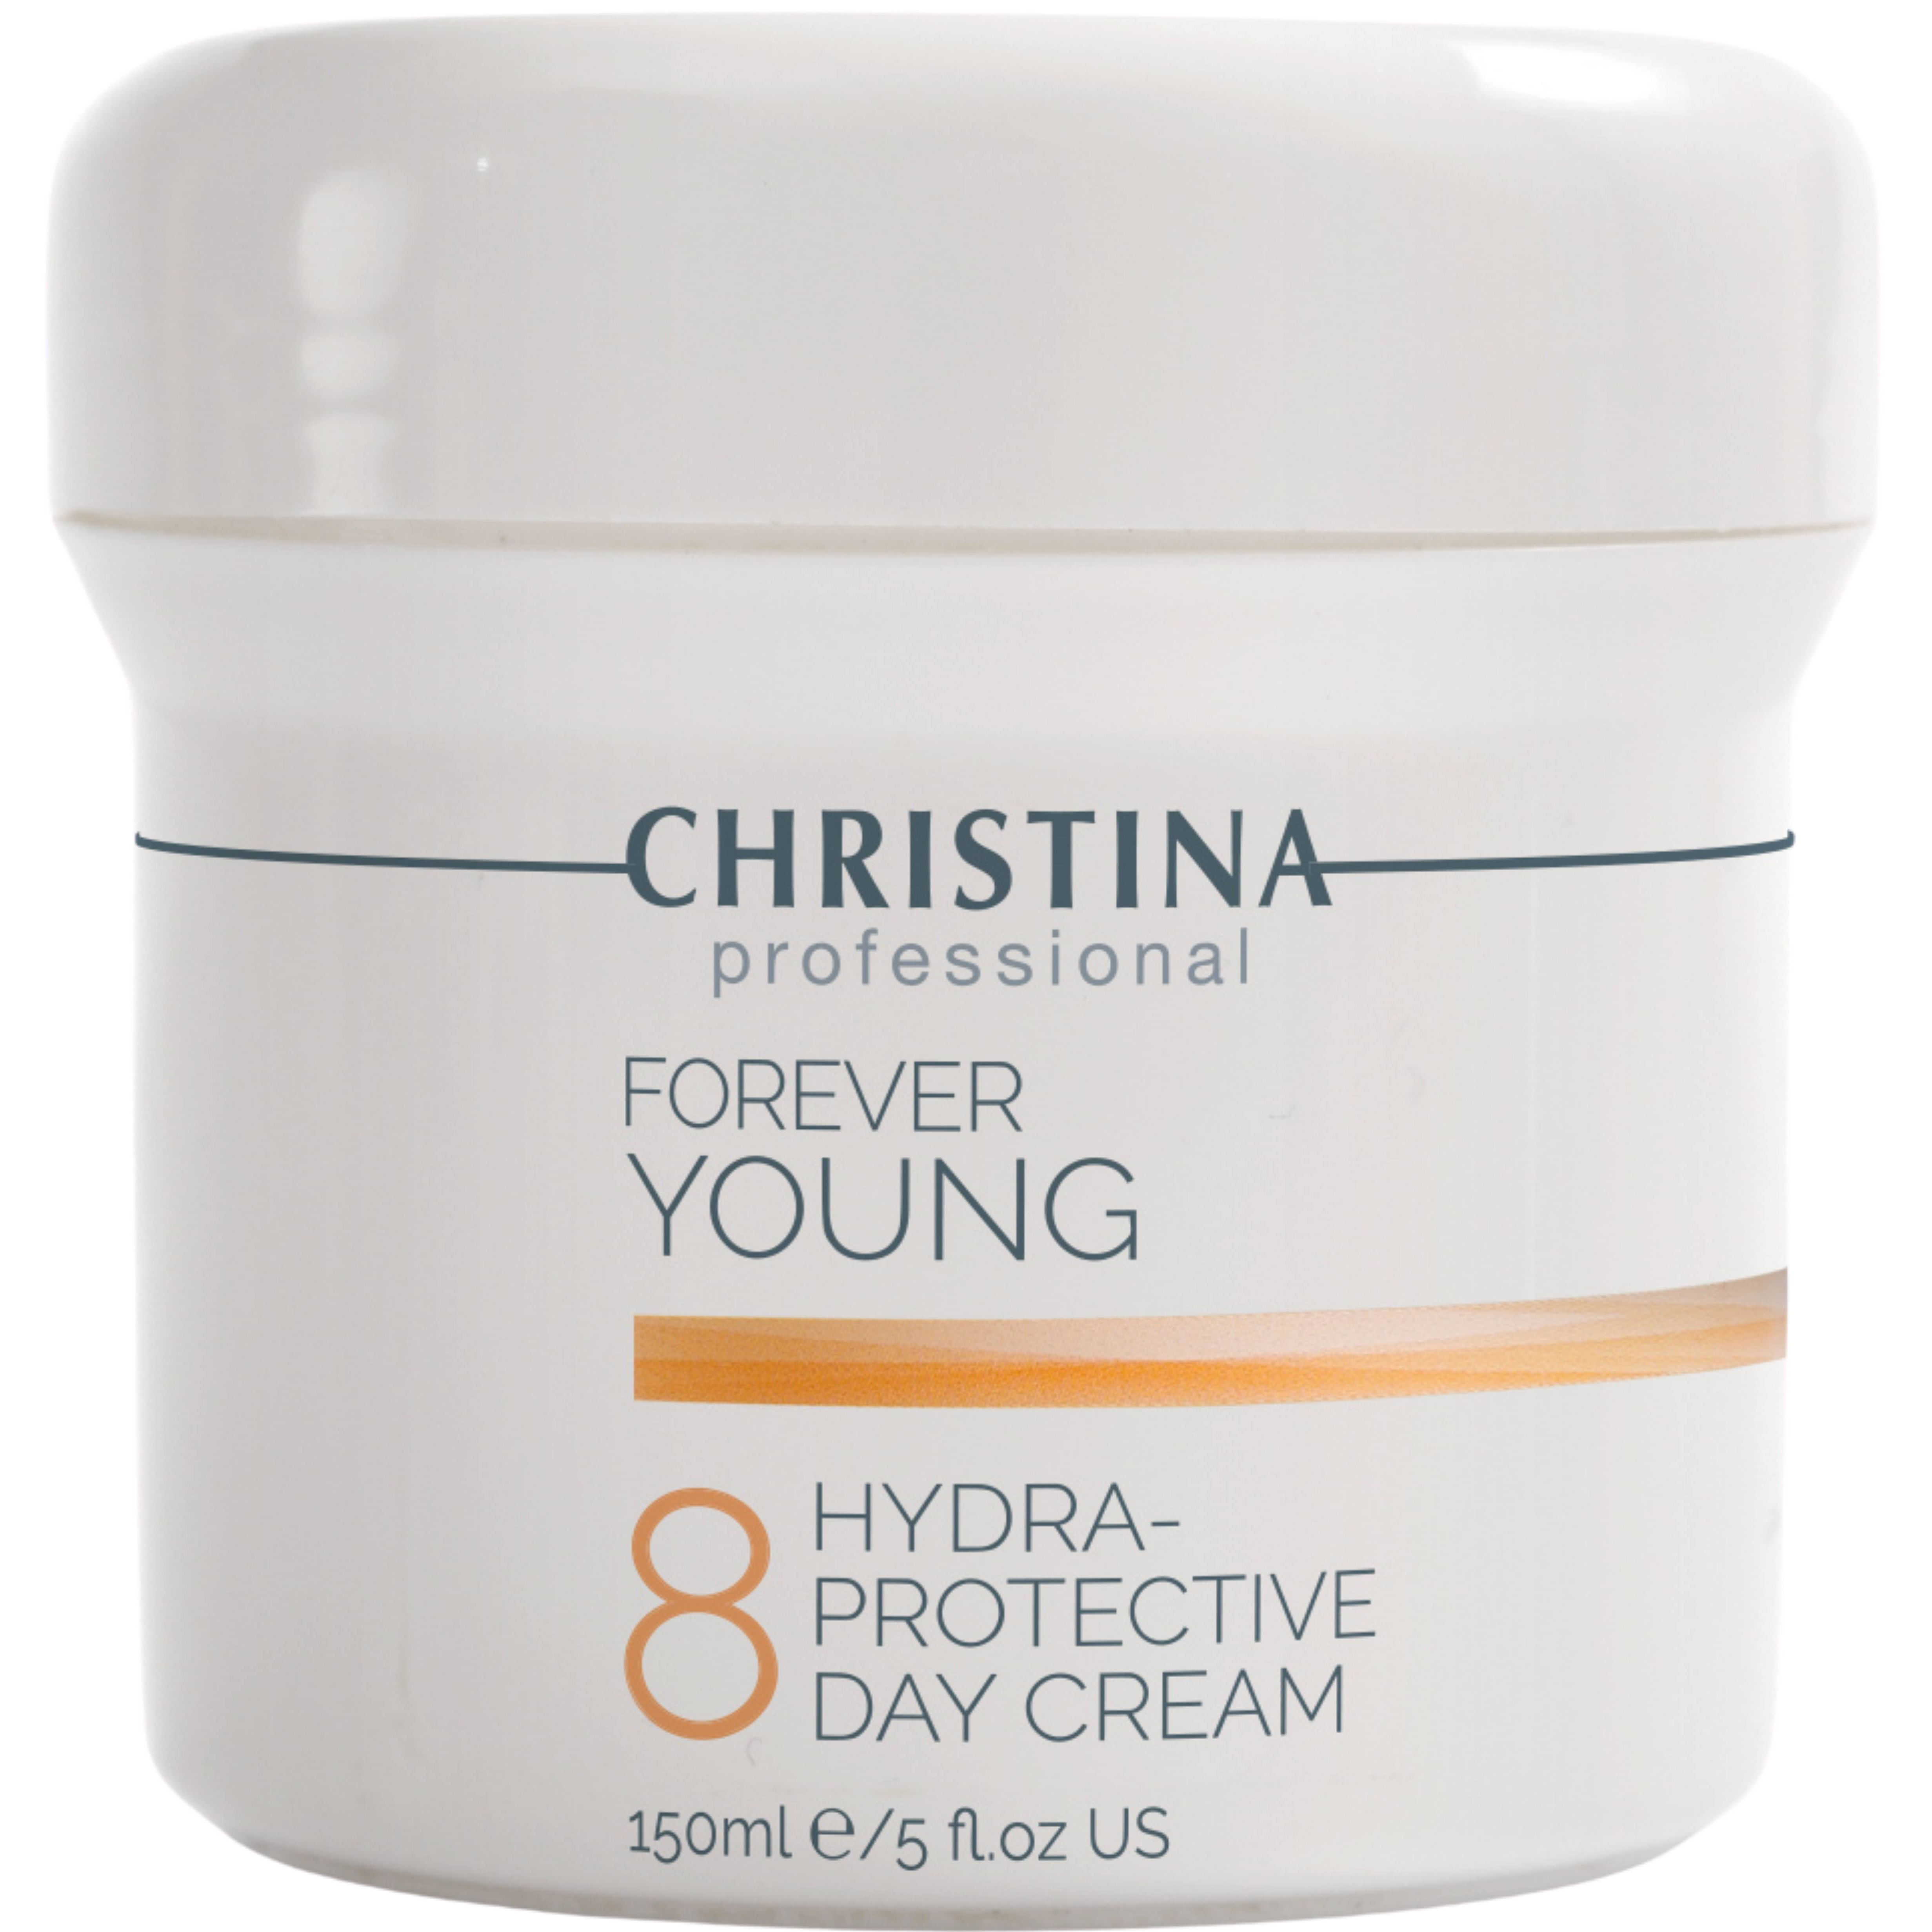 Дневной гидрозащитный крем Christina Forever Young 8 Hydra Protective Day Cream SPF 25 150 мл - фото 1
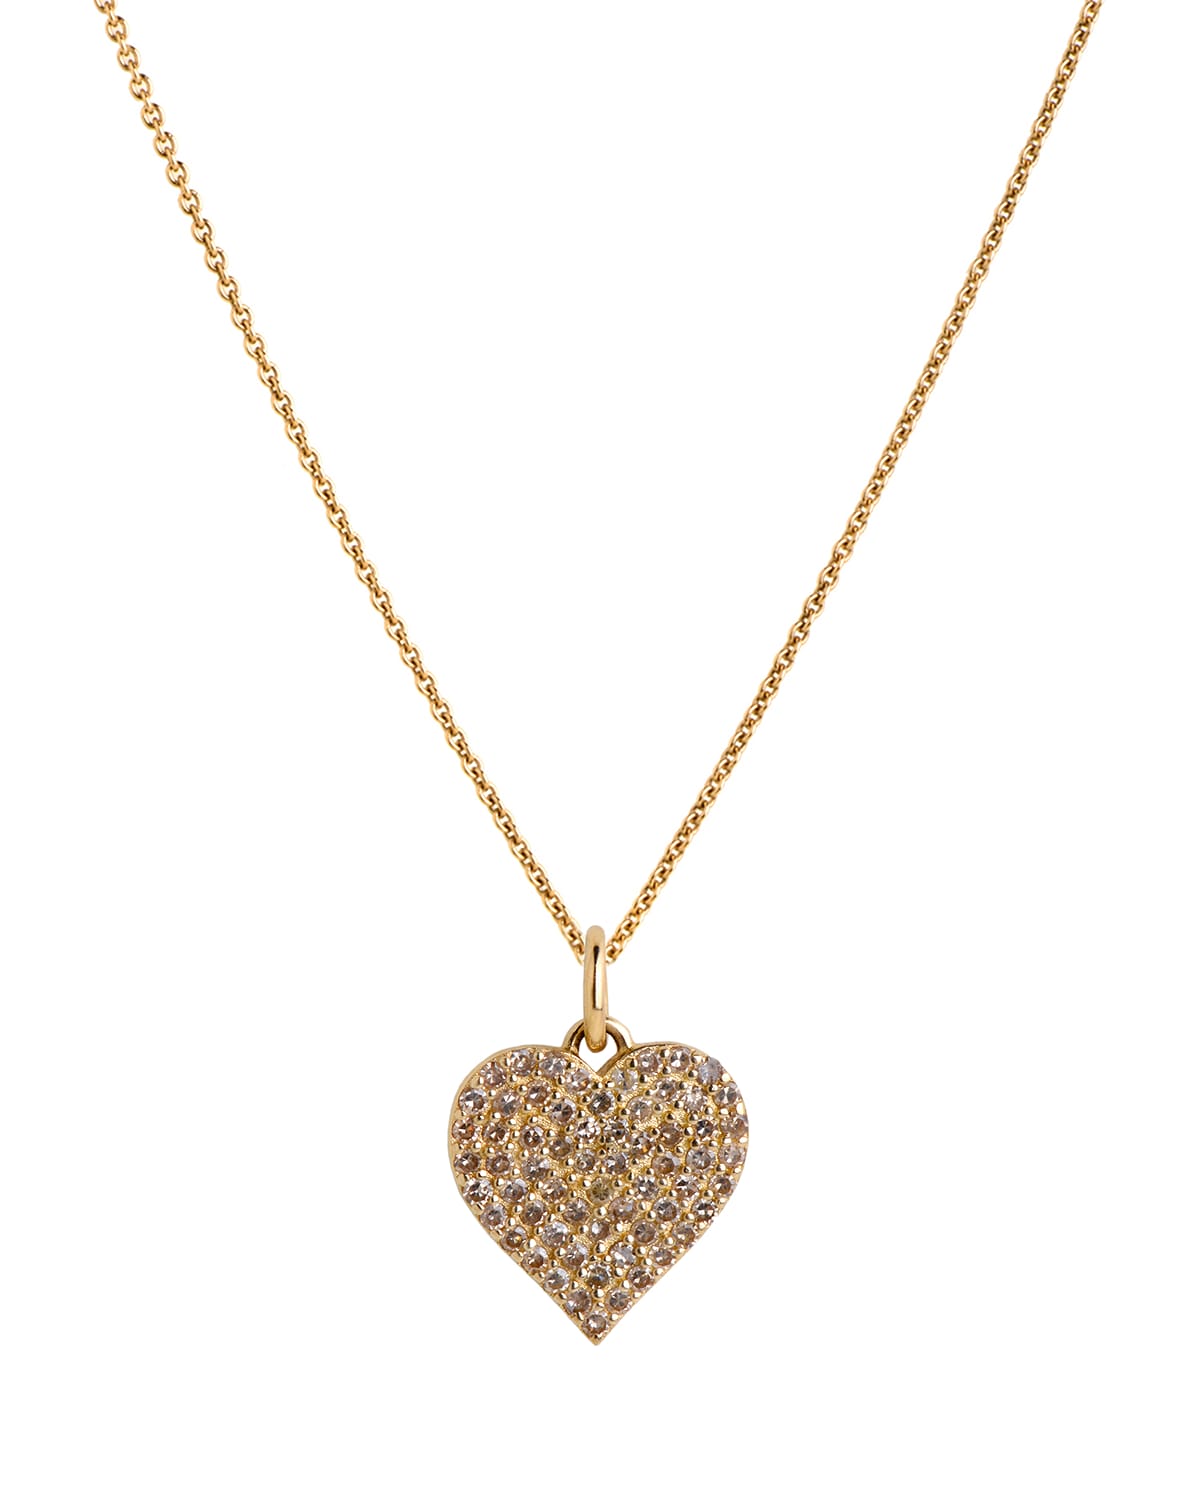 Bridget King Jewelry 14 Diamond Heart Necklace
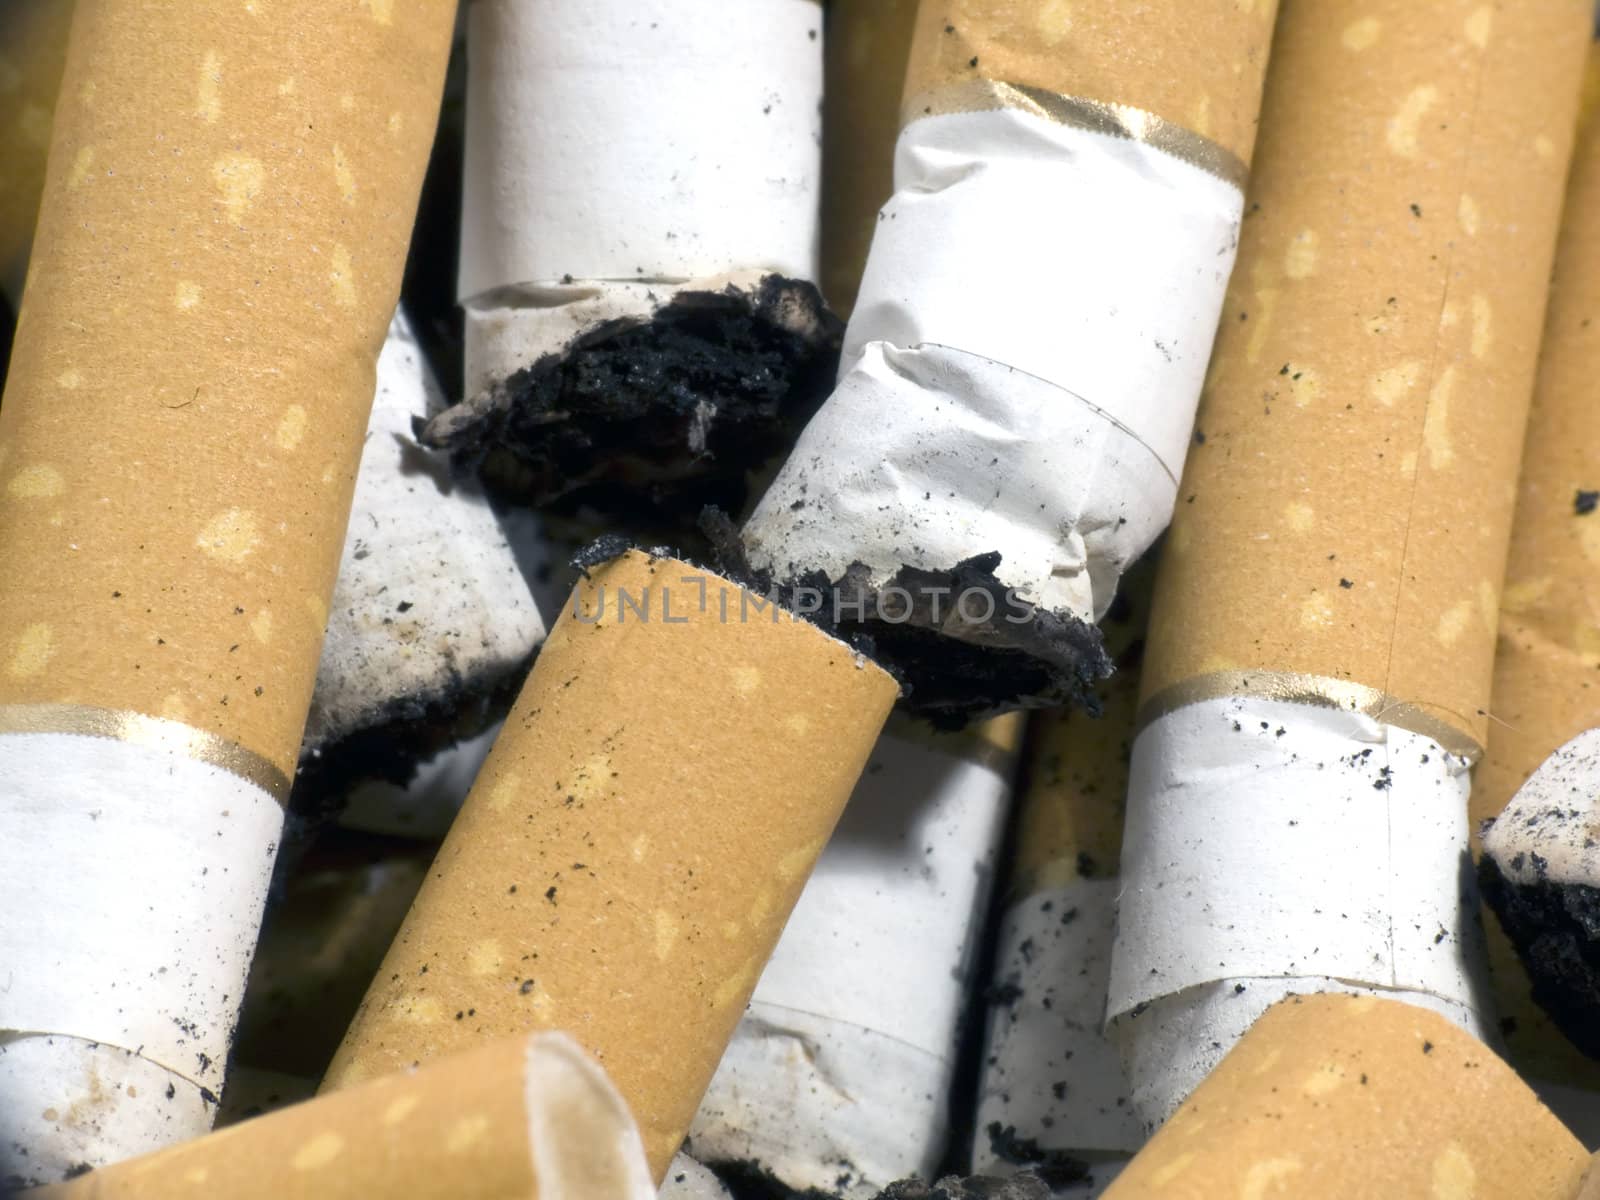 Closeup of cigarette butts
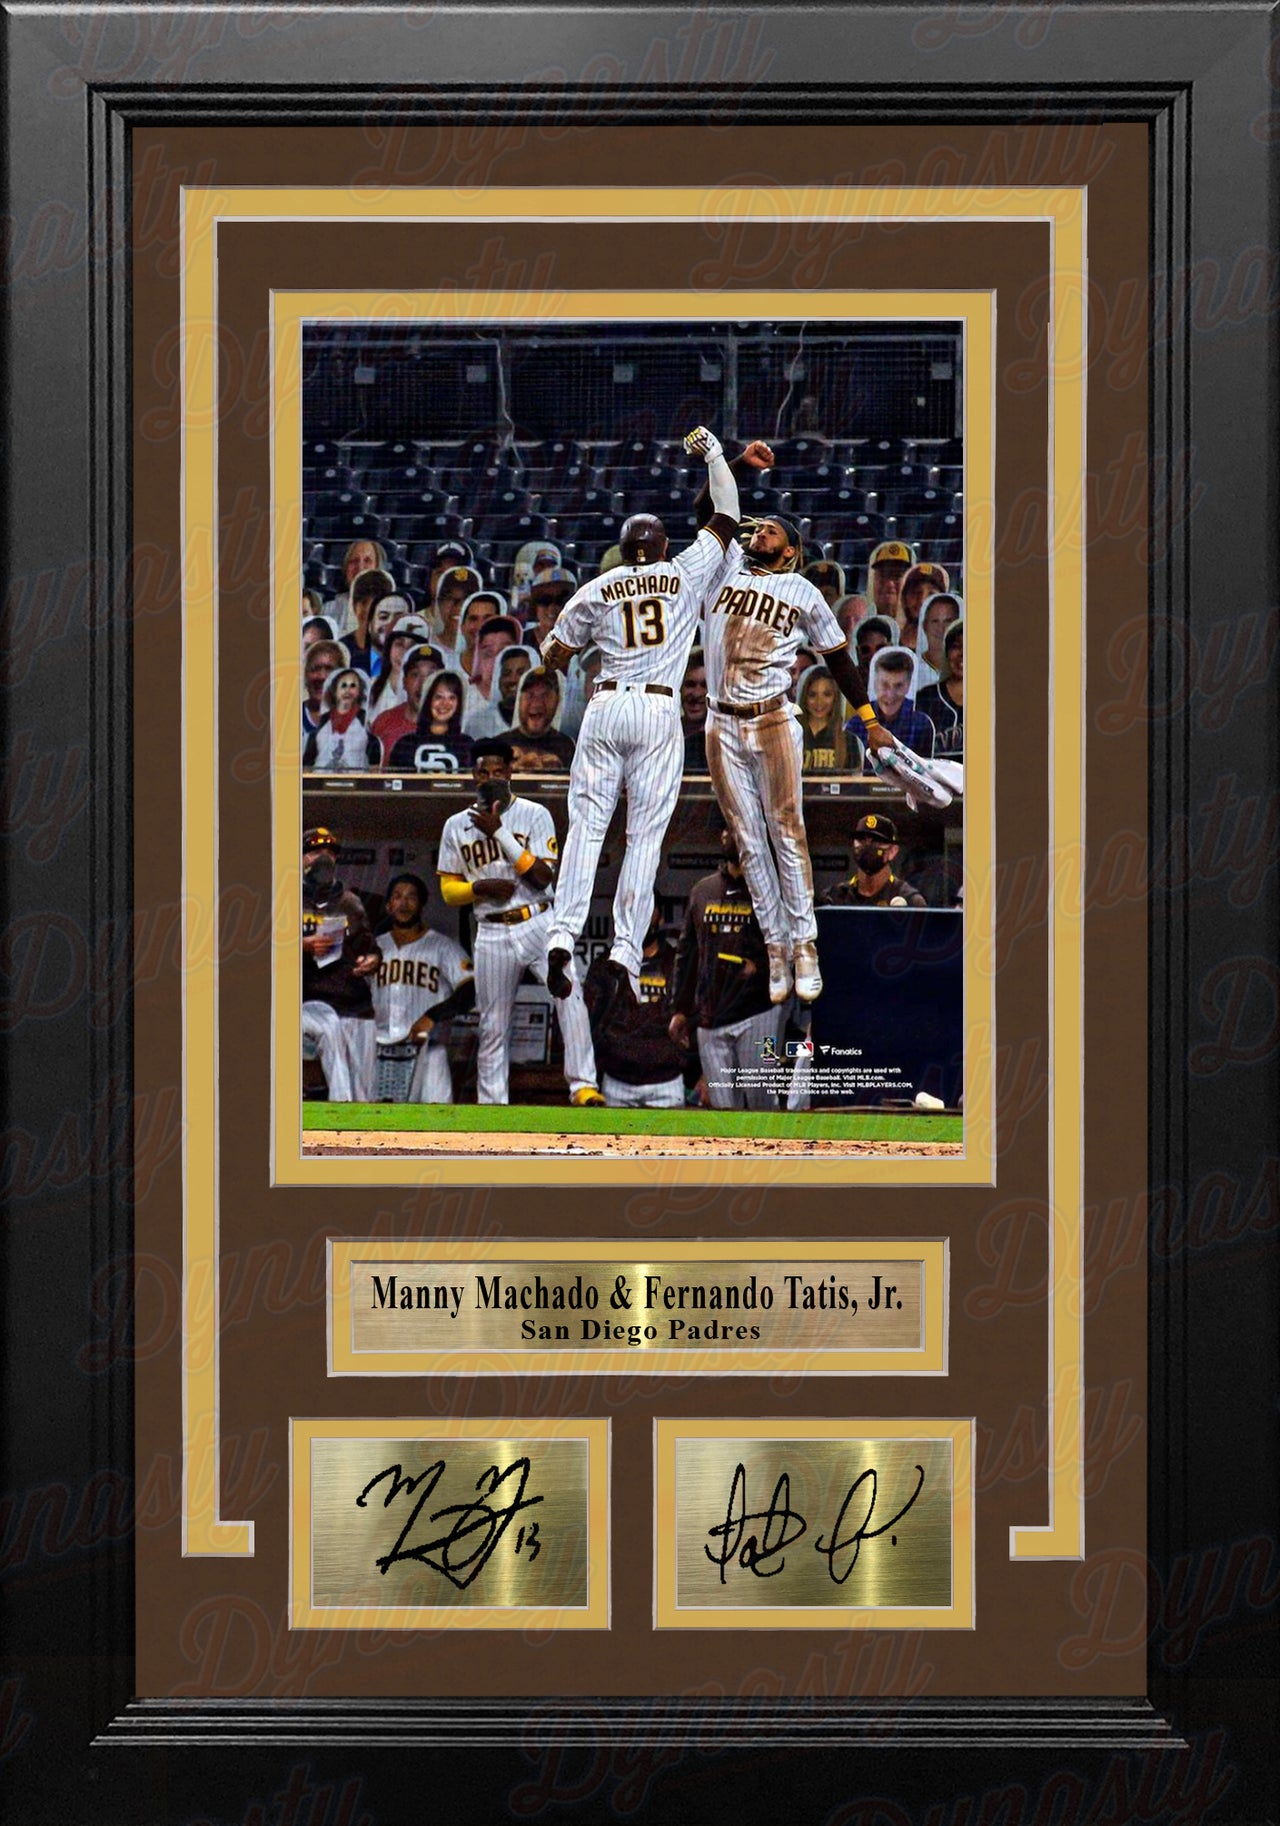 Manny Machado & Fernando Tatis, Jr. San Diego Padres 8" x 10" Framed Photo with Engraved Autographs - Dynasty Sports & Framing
══════
- WHAT IS REQUIRED
Word for word, print all of the data; skip the pictures.

- COMPLETED EXERCISE
 Дневной гидрозащитный крем Christina Forever Young 8 Hydra Protective Day Cream SPF 25 150 мл - фото 1
 Bridget King Jewelry 14 Diamond Heart Necklace
 Closeup of cigarette butts
 Manny Machado & Fernando Tatis, Jr. San Diego Padres 8" x 10" Framed Photo with Engraved Autographs - Dynasty Sports & Framing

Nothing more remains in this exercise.